Measuring cluster masses with CMB lensing: a statistical approach
Jean-Baptiste Melin, James G. Bartlett

TL;DR
This paper introduces a statistical method to measure galaxy cluster masses using CMB lensing, employing quadratic estimators and matched filters, demonstrating feasibility with current experiments and potential for future individual measurements.
Contribution
The paper develops a new statistical approach for cluster mass measurement via CMB lensing, suitable for current and future experiments, and analyzes the impact of SZ signals on the method.
Findings
Current experiments can implement the method with existing data.
Future experiments will enable individual mass measurements of clusters.

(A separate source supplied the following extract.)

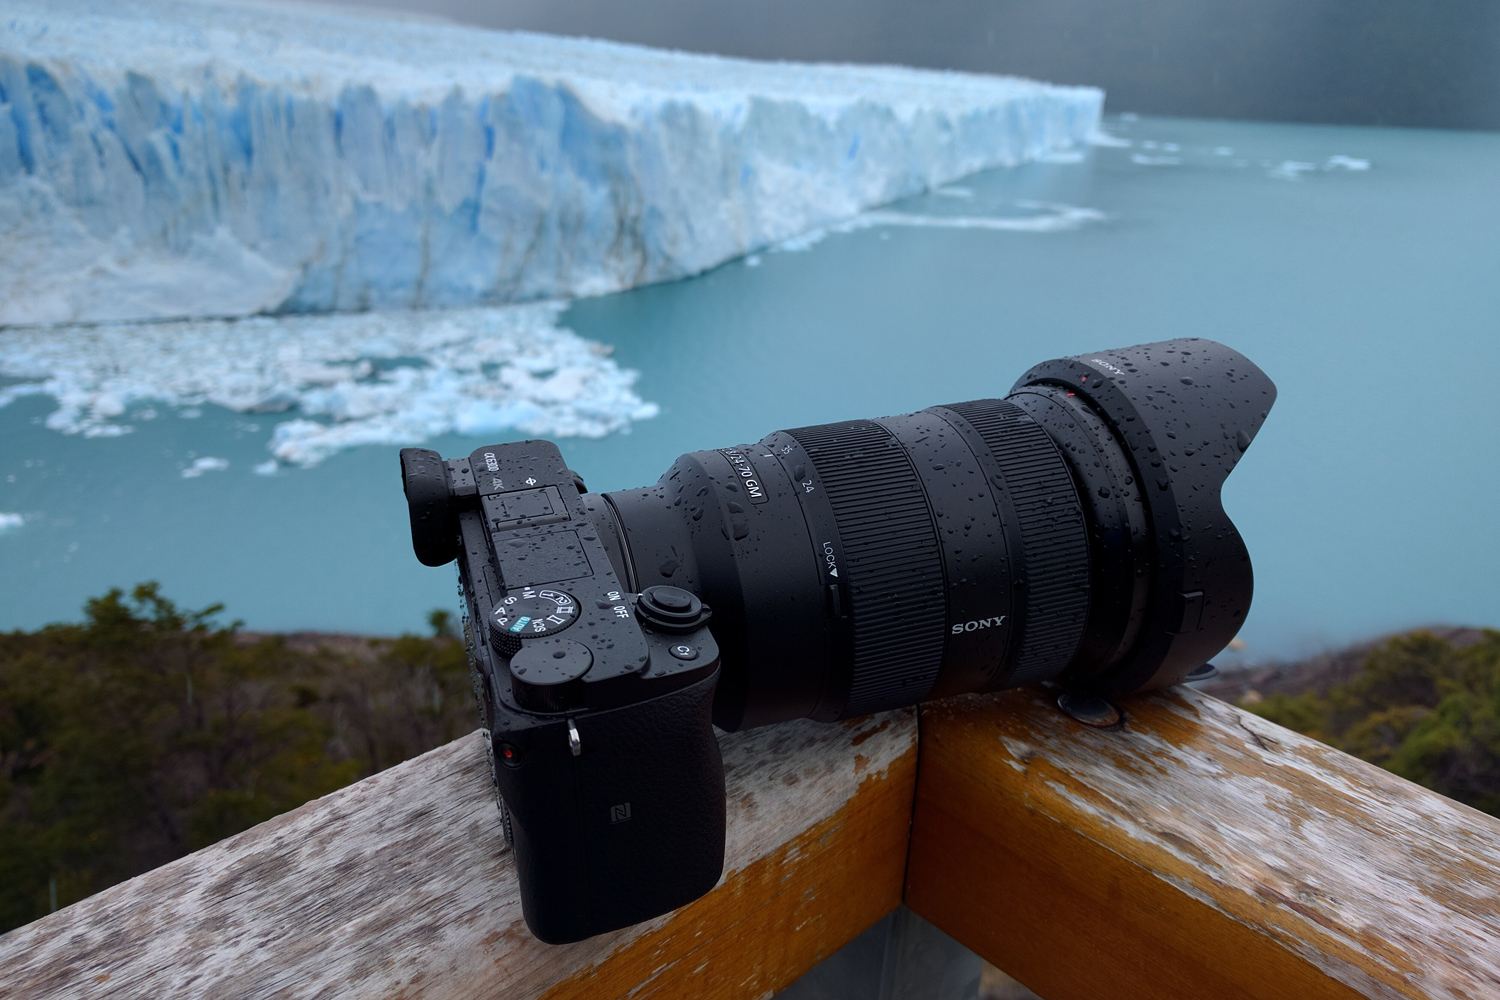 Sony a6300 handling a little freezing rain in Patagonia

Active removal of tSZ signals is necessary for accurate lensing reconstruction.
Abstract
We present a method for measuring the masses of galaxy clusters using the imprint of their gravitational lensing signal on the cosmic microwave background (CMB) temperature anisotropies. The method first reconstructs the projected gravitational potential with a quadratic estimator and then applies a matched filter to extract cluster mass. The approach is well-suited for statistical analyses that bin clusters according to other mass proxies. We find that current experiments, such as Planck, the South Pole Telescope and the Atacama Cosmology Telescope, can practically implement such a statistical methodology, and that future experiments will reach sensitivities sufficient for individual measurements of massive systems. As illustration, we use simulations of Planck observations to demonstrate that it is possible to constrain the mass scale of a set of 62 massive clusters with prior…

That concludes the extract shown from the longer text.